For a weekend, and then sporadically afterwards, I wrote software, tried it on the live system, wrote some more, tried it again, wrote some more, nudging the halfbakery database into something stable. I don't usually work like that, usually, the goal is to make an aesthetically pleasing program that stands on its own, not just do one job, and there is much reading and rereading of code - does this make sense? Is it clearly expressed? Being able to just hack and move on felt different.

I ended up with one back-end, with four calls that inserted a new user, idea, link, or note into the halfbakery; and different frontends built to parse different structures that were fed into the system: the regular halfbakery page, the low-res version, and an XML-like mark-up for texts that I couldn't fit into either of the other forms.

Parsing them was mostly a matter of matching patterns in strings; taking out the text fragments between them, and post-procesing them to remove URL or HTML mark-up.
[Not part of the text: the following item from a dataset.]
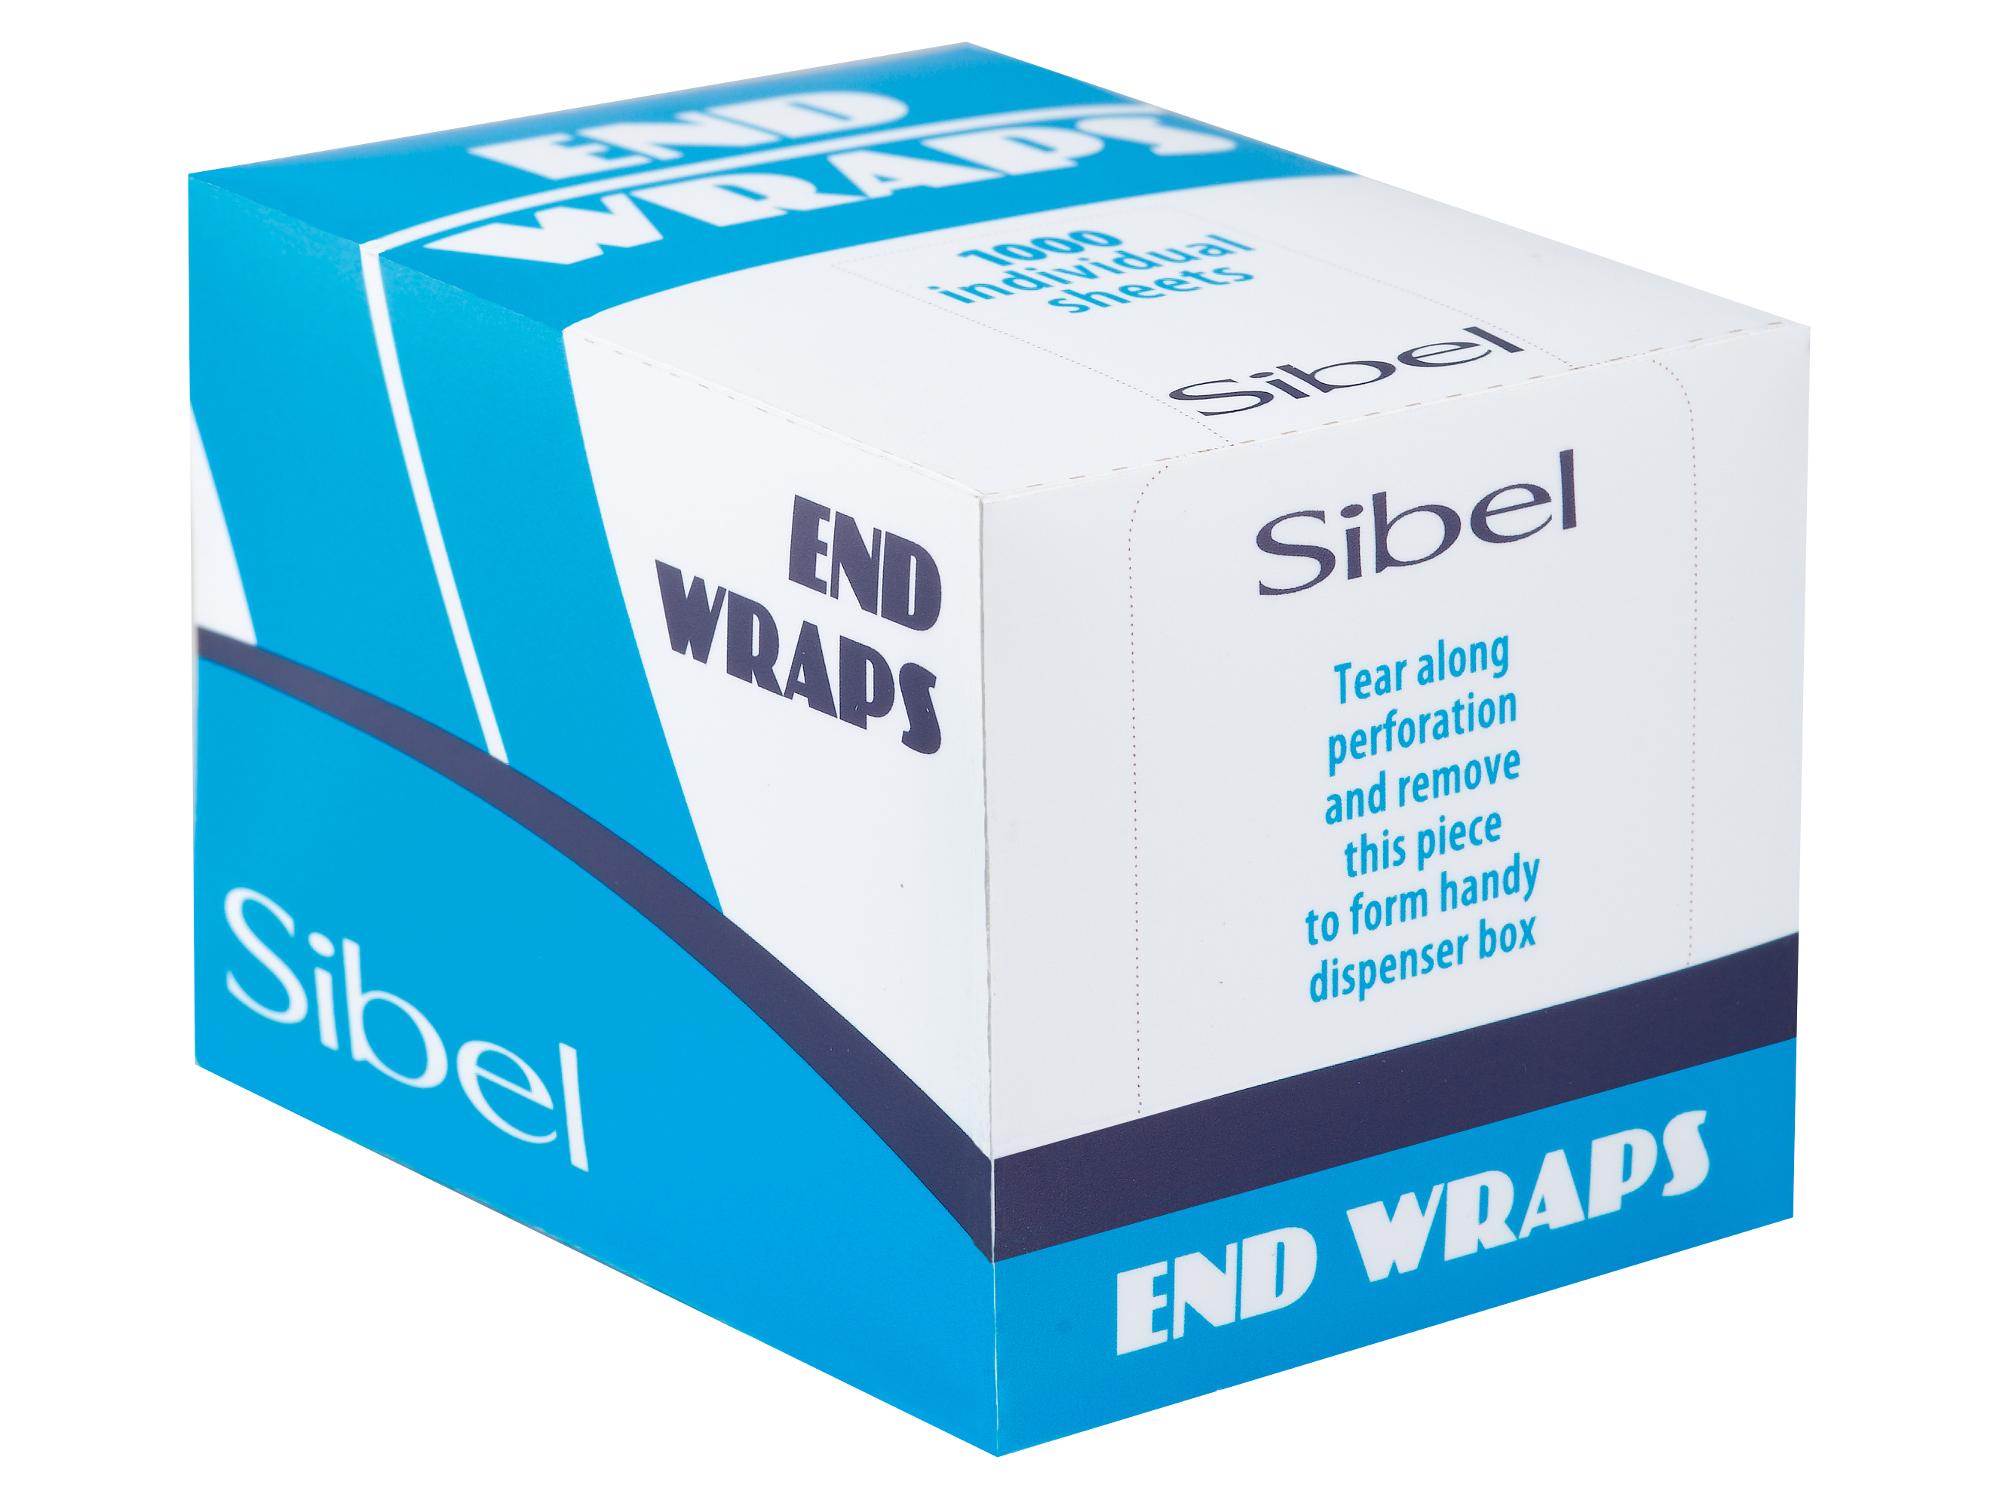 Papírky na trvalou ondulaci Sibel End Wraps, 80 x 55 mm - 1000 ks (4330331)

A perl programmer would have easily been able to do that in perl; I'm more comfortable in C, especially when doing a lot of string processing.

The proper way of doing this would be to build the reverse of the halfbakery formatting engine, a "scanning engine" that reconstitutes the XML-like output of the halfbakery database application from the HTML. That's possible (it's not generally possible, but here, it would have worked), but it was much easier to just use some sloppy heuristics.

The halfbakery data is not saved in the form of webpages; it is saved as a big database of objects that are referenced by names (via a separate hashtable) and numbers. The hashtable can be rebuilt from the object table. An idea object contains its name, summary, text, and author; a created and modified date; a list of who voted for or against it; and a list of references to notes and links, which appear as part of the idea when the idea is displayed.

Most of this is visible. The dates internally are at second granularity, but are only displayed as days externally. That means that now, after the recovery, there are a lot of links and notes that purport to have been created at 12 noon. (But users can't see that.)

The votes are lost; without internal information about who voted (which isn't visible in the printed page), I can't tell whether someone is voting twice for the same page.

The recovery had to be incremental. For example, there are pages that had been created before 2002, but annotated after 2003, and I had to be able to combine the current text and new annotations after 2003 with the old idea from the 2002 backup without duplicating all the annotations. So, part of adding new things is an analysis of the old stuff that's there, and heuristical guesses about whether something truly is new or just a variation of something old.

Ontogeny recapitulates phylogeny.

Any evolution the site has undergone over its four years has left traces somewhere. Users have changed their names, categories have changed or expanded or split up, ideas have been renamed (and now exist twice). Accounts have been deleted by accident or in anger, including my own.

In the recovery, I get the chance to pick and choose from those evolutions, and do those over again that I agree with, and ignore those I disagree with.

Thanks, Dad

Within three weeks of the crash, two archives showed up that had been independently created by two fathers - one with about 900 ideas, one with 6000. In both cases, the proud fathers were attempting to archive their son's postings, but ended up downloading large parts of the site instead, as a fortunate accident.

Changes

All of the saved pages users sent me had been modified by their tools in some way. In different ways. I guess I understand it when mirroring tools change the pathnames in the links, but many went beyond that.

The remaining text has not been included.